**RECORDS SHOWN**
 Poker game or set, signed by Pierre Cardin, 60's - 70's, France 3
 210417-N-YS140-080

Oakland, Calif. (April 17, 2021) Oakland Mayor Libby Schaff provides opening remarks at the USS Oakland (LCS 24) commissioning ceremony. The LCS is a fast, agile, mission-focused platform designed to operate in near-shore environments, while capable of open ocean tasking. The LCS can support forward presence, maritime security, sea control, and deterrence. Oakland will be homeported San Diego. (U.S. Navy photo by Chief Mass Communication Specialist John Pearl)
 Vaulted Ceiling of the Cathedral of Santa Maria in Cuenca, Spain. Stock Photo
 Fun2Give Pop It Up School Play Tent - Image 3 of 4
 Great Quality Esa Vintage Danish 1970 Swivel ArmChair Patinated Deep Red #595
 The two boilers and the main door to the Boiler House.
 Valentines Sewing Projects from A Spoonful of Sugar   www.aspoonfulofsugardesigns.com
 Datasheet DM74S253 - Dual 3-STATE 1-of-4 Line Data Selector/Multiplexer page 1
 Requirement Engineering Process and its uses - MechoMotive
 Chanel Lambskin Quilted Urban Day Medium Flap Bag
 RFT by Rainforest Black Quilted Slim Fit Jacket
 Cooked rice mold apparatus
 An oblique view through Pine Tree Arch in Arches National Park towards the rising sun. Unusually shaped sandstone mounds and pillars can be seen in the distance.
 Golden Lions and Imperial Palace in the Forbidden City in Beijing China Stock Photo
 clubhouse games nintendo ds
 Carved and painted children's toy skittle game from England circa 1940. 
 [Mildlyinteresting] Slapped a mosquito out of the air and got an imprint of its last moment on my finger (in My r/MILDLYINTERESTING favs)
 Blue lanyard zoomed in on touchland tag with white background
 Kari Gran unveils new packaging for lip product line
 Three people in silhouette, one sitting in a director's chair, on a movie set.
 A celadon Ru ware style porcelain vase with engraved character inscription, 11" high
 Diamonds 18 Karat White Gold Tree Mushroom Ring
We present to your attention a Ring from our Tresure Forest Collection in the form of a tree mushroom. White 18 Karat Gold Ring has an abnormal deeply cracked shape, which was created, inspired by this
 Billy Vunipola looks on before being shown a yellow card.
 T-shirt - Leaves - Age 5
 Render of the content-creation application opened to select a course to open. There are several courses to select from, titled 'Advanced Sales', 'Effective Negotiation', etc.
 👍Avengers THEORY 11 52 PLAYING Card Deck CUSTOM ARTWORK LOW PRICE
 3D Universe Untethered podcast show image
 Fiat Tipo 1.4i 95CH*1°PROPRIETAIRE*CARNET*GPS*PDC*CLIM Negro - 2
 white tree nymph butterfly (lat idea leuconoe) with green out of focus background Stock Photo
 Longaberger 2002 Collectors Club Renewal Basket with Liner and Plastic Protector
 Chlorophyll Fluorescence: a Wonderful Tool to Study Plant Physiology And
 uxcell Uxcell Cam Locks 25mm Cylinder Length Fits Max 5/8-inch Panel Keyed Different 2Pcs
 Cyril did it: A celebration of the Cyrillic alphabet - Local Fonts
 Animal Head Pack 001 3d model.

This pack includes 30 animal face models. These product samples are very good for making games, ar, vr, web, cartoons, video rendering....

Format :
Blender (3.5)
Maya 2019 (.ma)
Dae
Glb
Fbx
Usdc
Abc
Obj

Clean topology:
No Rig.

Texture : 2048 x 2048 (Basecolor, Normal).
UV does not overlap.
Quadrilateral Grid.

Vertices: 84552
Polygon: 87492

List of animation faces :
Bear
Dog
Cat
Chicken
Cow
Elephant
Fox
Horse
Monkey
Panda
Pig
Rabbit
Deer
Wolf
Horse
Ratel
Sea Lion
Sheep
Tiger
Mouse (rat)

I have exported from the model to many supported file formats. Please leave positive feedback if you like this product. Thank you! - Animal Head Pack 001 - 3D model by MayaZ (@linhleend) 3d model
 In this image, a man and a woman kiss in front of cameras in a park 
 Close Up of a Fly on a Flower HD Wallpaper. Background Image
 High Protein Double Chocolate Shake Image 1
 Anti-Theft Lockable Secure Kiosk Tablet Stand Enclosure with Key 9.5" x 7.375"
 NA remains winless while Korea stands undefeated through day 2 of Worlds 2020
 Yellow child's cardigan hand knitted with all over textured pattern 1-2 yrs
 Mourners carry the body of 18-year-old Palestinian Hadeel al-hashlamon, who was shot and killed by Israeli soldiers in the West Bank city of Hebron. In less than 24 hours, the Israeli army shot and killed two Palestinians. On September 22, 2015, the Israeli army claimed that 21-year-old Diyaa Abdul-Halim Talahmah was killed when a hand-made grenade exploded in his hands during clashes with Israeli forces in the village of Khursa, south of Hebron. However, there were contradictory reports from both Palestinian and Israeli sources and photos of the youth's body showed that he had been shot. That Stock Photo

**YOUR GOAL**
Every entry should be output exactly as written, please.

**WRITTEN REPLY**
 Poker game or set, signed by Pierre Cardin, 60's - 70's, France 3
 210417-N-YS140-080

Oakland, Calif. (April 17, 2021) Oakland Mayor Libby Schaff provides opening remarks at the USS Oakland (LCS 24) commissioning ceremony. The LCS is a fast, agile, mission-focused platform designed to operate in near-shore environments, while capable of open ocean tasking. The LCS can support forward presence, maritime security, sea control, and deterrence. Oakland will be homeported San Diego. (U.S. Navy photo by Chief Mass Communication Specialist John Pearl)
 Vaulted Ceiling of the Cathedral of Santa Maria in Cuenca, Spain. Stock Photo
 Fun2Give Pop It Up School Play Tent - Image 3 of 4
 Great Quality Esa Vintage Danish 1970 Swivel ArmChair Patinated Deep Red #595
 The two boilers and the main door to the Boiler House.
 Valentines Sewing Projects from A Spoonful of Sugar   www.aspoonfulofsugardesigns.com
 Datasheet DM74S253 - Dual 3-STATE 1-of-4 Line Data Selector/Multiplexer page 1
 Requirement Engineering Process and its uses - MechoMotive
 Chanel Lambskin Quilted Urban Day Medium Flap Bag
 RFT by Rainforest Black Quilted Slim Fit Jacket
 Cooked rice mold apparatus
 An oblique view through Pine Tree Arch in Arches National Park towards the rising sun. Unusually shaped sandstone mounds and pillars can be seen in the distance.
 Golden Lions and Imperial Palace in the Forbidden City in Beijing China Stock Photo
 clubhouse games nintendo ds
 Carved and painted children's toy skittle game from England circa 1940. 
 [Mildlyinteresting] Slapped a mosquito out of the air and got an imprint of its last moment on my finger (in My r/MILDLYINTERESTING favs)
 Blue lanyard zoomed in on touchland tag with white background
 Kari Gran unveils new packaging for lip product line
 Three people in silhouette, one sitting in a director's chair, on a movie set.
 A celadon Ru ware style porcelain vase with engraved character inscription, 11" high
 Diamonds 18 Karat White Gold Tree Mushroom Ring
We present to your attention a Ring from our Tresure Forest Collection in the form of a tree mushroom. White 18 Karat Gold Ring has an abnormal deeply cracked shape, which was created, inspired by this
 Billy Vunipola looks on before being shown a yellow card.
 T-shirt - Leaves - Age 5
 Render of the content-creation application opened to select a course to open. There are several courses to select from, titled 'Advanced Sales', 'Effective Negotiation', etc.
 👍Avengers THEORY 11 52 PLAYING Card Deck CUSTOM ARTWORK LOW PRICE
 3D Universe Untethered podcast show image
 Fiat Tipo 1.4i 95CH*1°PROPRIETAIRE*CARNET*GPS*PDC*CLIM Negro - 2
 white tree nymph butterfly (lat idea leuconoe) with green out of focus background Stock Photo
 Longaberger 2002 Collectors Club Renewal Basket with Liner and Plastic Protector
 Chlorophyll Fluorescence: a Wonderful Tool to Study Plant Physiology And
 uxcell Uxcell Cam Locks 25mm Cylinder Length Fits Max 5/8-inch Panel Keyed Different 2Pcs
 Cyril did it: A celebration of the Cyrillic alphabet - Local Fonts
 Animal Head Pack 001 3d model.

This pack includes 30 animal face models. These product samples are very good for making games, ar, vr, web, cartoons, video rendering....

Format :
Blender (3.5)
Maya 2019 (.ma)
Dae
Glb
Fbx
Usdc
Abc
Obj

Clean topology:
No Rig.

Texture : 2048 x 2048 (Basecolor, Normal).
UV does not overlap.
Quadrilateral Grid.

Vertices: 84552
Polygon: 87492

List of animation faces :
Bear
Dog
Cat
Chicken
Cow
Elephant
Fox
Horse
Monkey
Panda
Pig
Rabbit
Deer
Wolf
Horse
Ratel
Sea Lion
Sheep
Tiger
Mouse (rat)

I have exported from the model to many supported file formats. Please leave positive feedback if you like this product. Thank you! - Animal Head Pack 001 - 3D model by MayaZ (@linhleend) 3d model
 In this image, a man and a woman kiss in front of cameras in a park 
 Close Up of a Fly on a Flower HD Wallpaper. Background Image
 High Protein Double Chocolate Shake Image 1
 Anti-Theft Lockable Secure Kiosk Tablet Stand Enclosure with Key 9.5" x 7.375"
 NA remains winless while Korea stands undefeated through day 2 of Worlds 2020
 Yellow child's cardigan hand knitted with all over textured pattern 1-2 yrs
 Mourners carry the body of 18-year-old Palestinian Hadeel al-hashlamon, who was shot and killed by Israeli soldiers in the West Bank city of Hebron. In less than 24 hours, the Israeli army shot and killed two Palestinians. On September 22, 2015, the Israeli army claimed that 21-year-old Diyaa Abdul-Halim Talahmah was killed when a hand-made grenade exploded in his hands during clashes with Israeli forces in the village of Khursa, south of Hebron. However, there were contradictory reports from both Palestinian and Israeli sources and photos of the youth's body showed that he had been shot. That Stock Photo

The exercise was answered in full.